К заботам художника добавилась еще одна — любовь! За какой-то плакат он получает немного денег. Белокурую и погруженную в раздумья голову его венчает бедная, глупая, мягкая, мятая, потерявшая форму, чудная какая-то и смешная круглая шляпа, что-то вроде перекосившегося ржавого горшка, чудовищная шляпа, больше похожая на глубокую, с высокими бортами, фантастически уродливую и ужасную сковороду. Однако женщина находит шляпу и мужчину под ней трогательно красивыми. Какая благородная, тонкая женщина не считает красивого мужчину еще красивее оттого, что он беден и плохо одет!
Она то и дело приглашала его на обеды, восторженно радуясь тому, что может накормить его. Оказывать ему какое-нибудь мелкое благодеяние доставляло ей наслаждение. «Да, он нуждается, и все-таки кажется мне замечательнее всех на свете», — говорила она себе, и руки ее сами складывались словно для молитвы. Любовь к отдельному человеку пробуждает любовь к бесконечному. Любящие всегда набожны, и только счастливые знают, что у них есть небесный отец.

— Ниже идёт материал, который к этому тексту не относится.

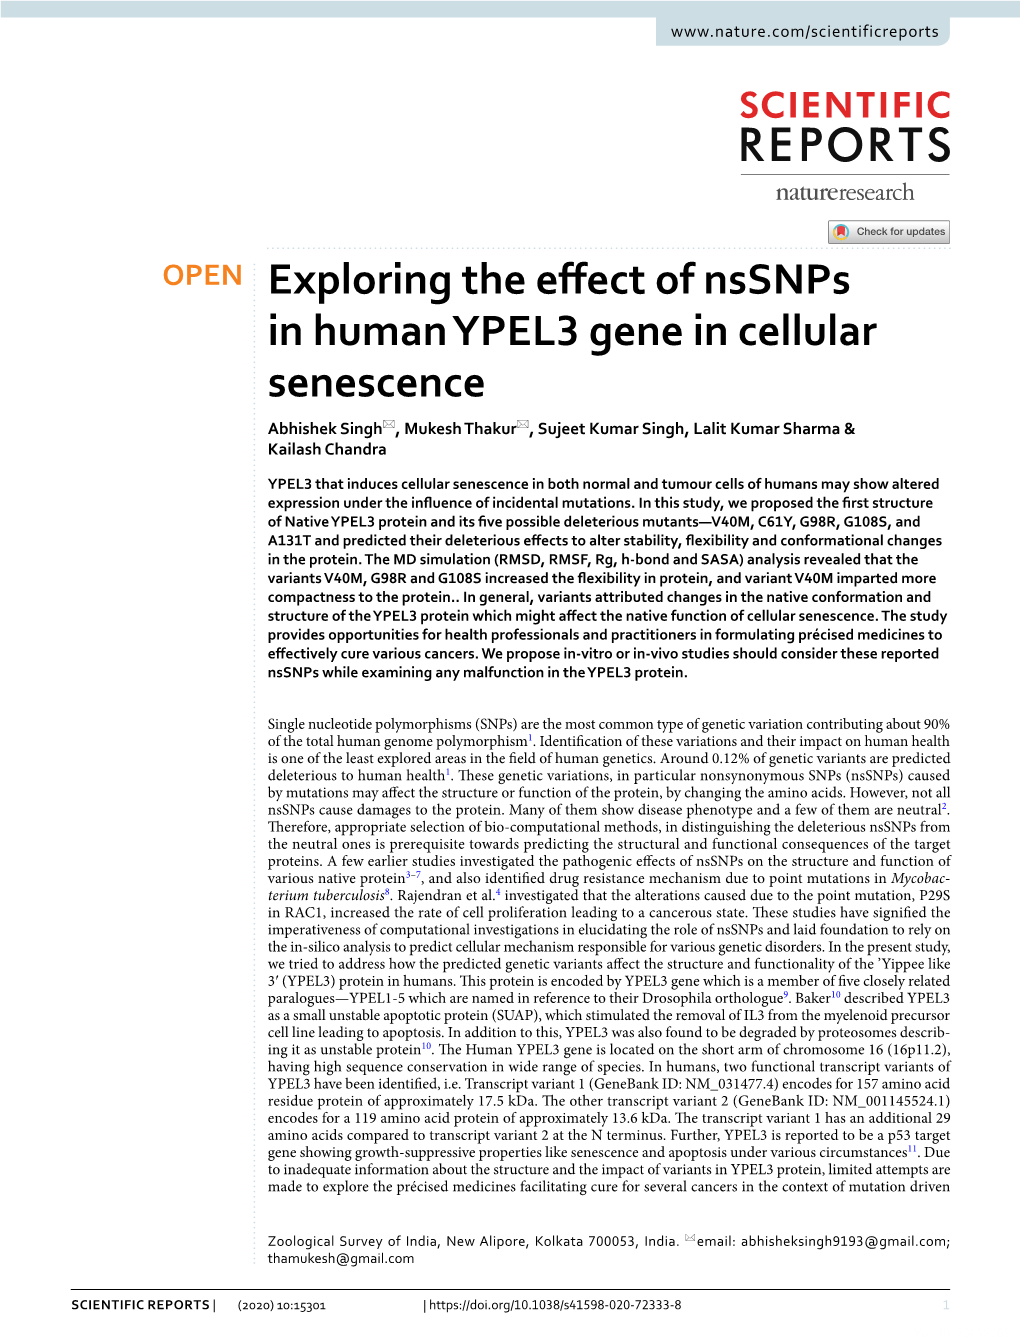 Exploring the Effect of Nssnps in Human YPEL3 Gene in Cellular

Художник был потрясен такой нежностью и состраданьем. Искусство ж тем временем, если можно так выразиться, морщило лоб в недовольную складку. Грозно подбоченясь, оно вопрошало: «А я?» В самом деле, способны ли выносить друг друга любовь и искусство? Разве что годы спустя, когда скиталец и борец превратился в богатого маэстро и необходимое развитие было совершено, подобный вопрос показался бы праздным и необходимое согласие было бы найдено.
Однако того, кто еще учился, искусство властно отрывало от женщины, которая его любила и которую он любил, отрывало для дальнейших усилий, постижений, дерзких поисков и свершений. Как художника нельзя уличать в бесчувственной сухости, когда он стряхивает с себя любовь во имя послушания законам, которым он призван служить, так и солдата нельзя обвинять в суровой жестокости и безжалостности за то лишь, что он исполняет предписанный ему долг!

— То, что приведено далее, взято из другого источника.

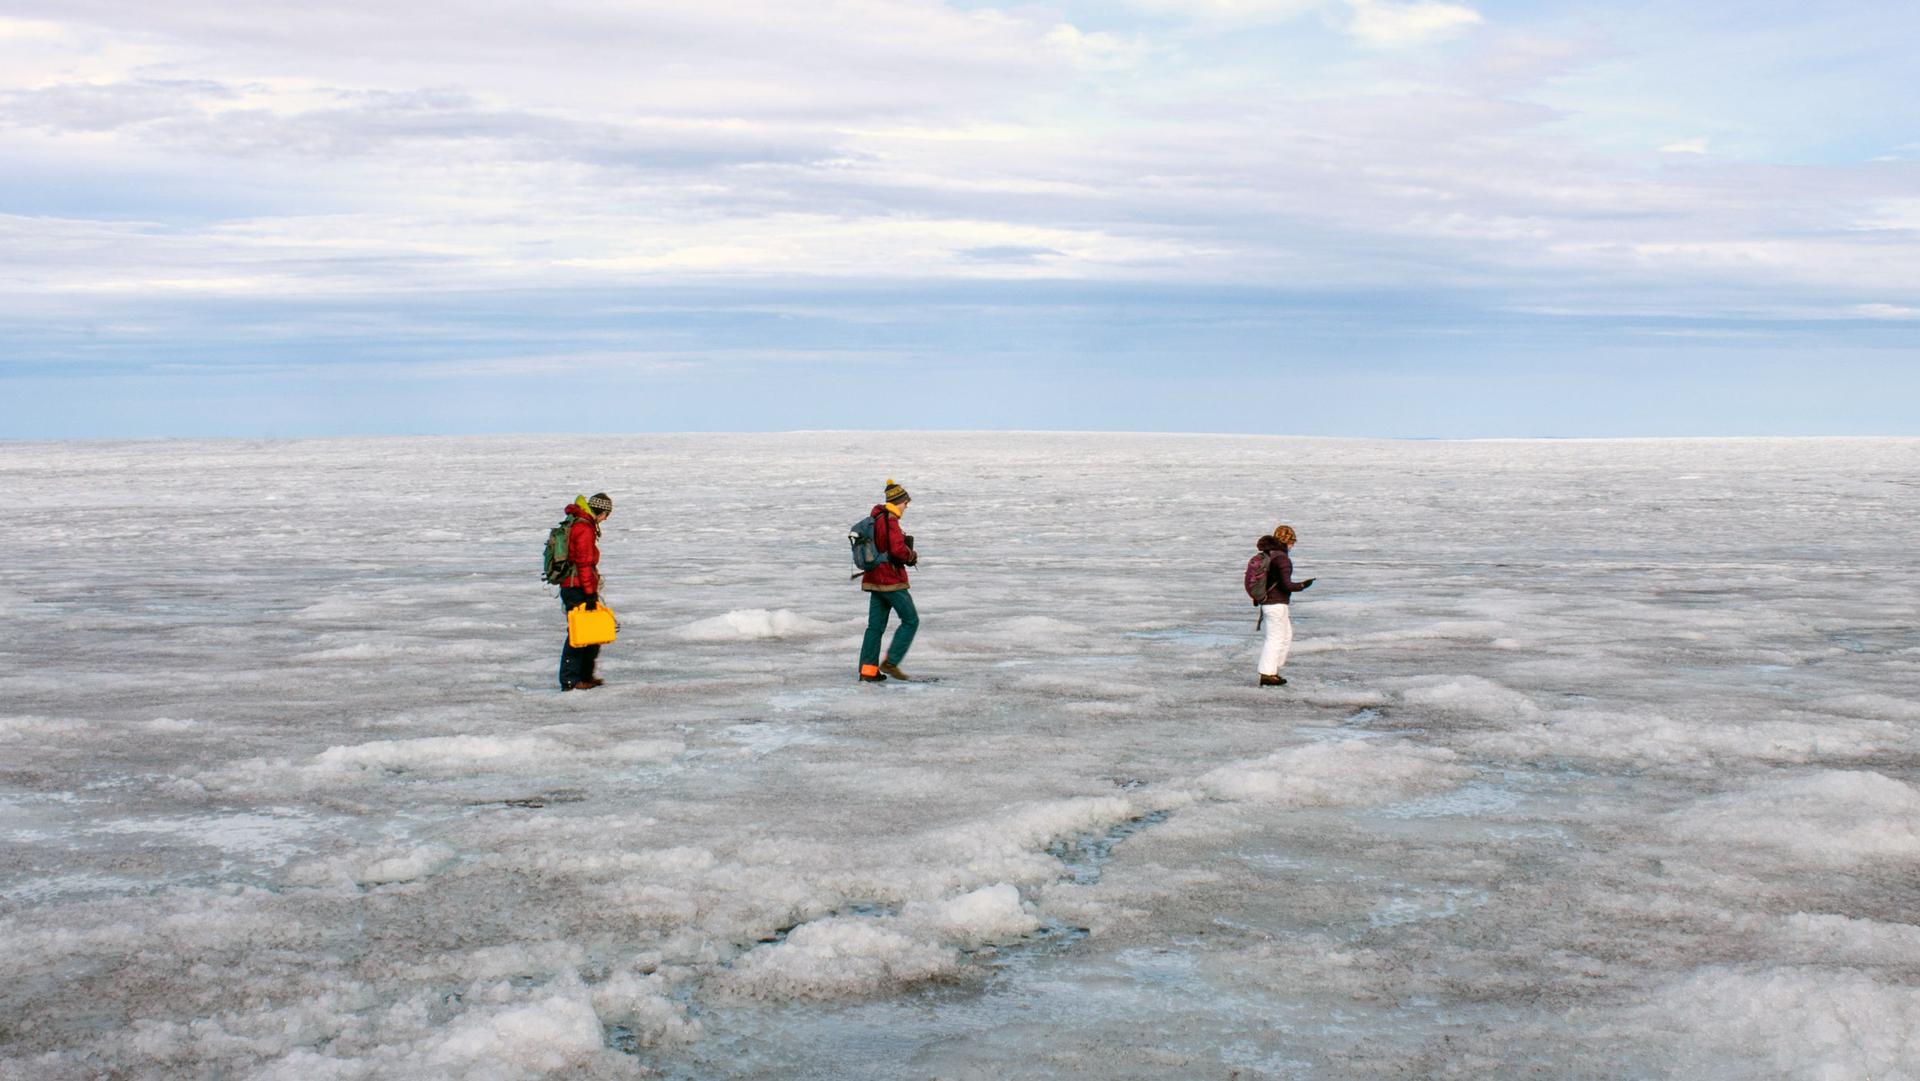 Three people walk across ground covered in ice and snow as the horizon stretches behind them.

В мае, когда все цвело и зеленело, наступило прощанье, походившее на величественную трагедию. Напрасно стенала женщина. Жалобы и жесты отчаяния, чувства, краски, слова низвергались здесь бурным потоком, как в потрясающем вихре оперы Моцарта или как при закате солнца, когда светило, прежде чем проститься с возлюбленной землей, изливает на нее свою грандиозную нежность, покрывая всю ее жгучими, страстными прощальными поцелуями.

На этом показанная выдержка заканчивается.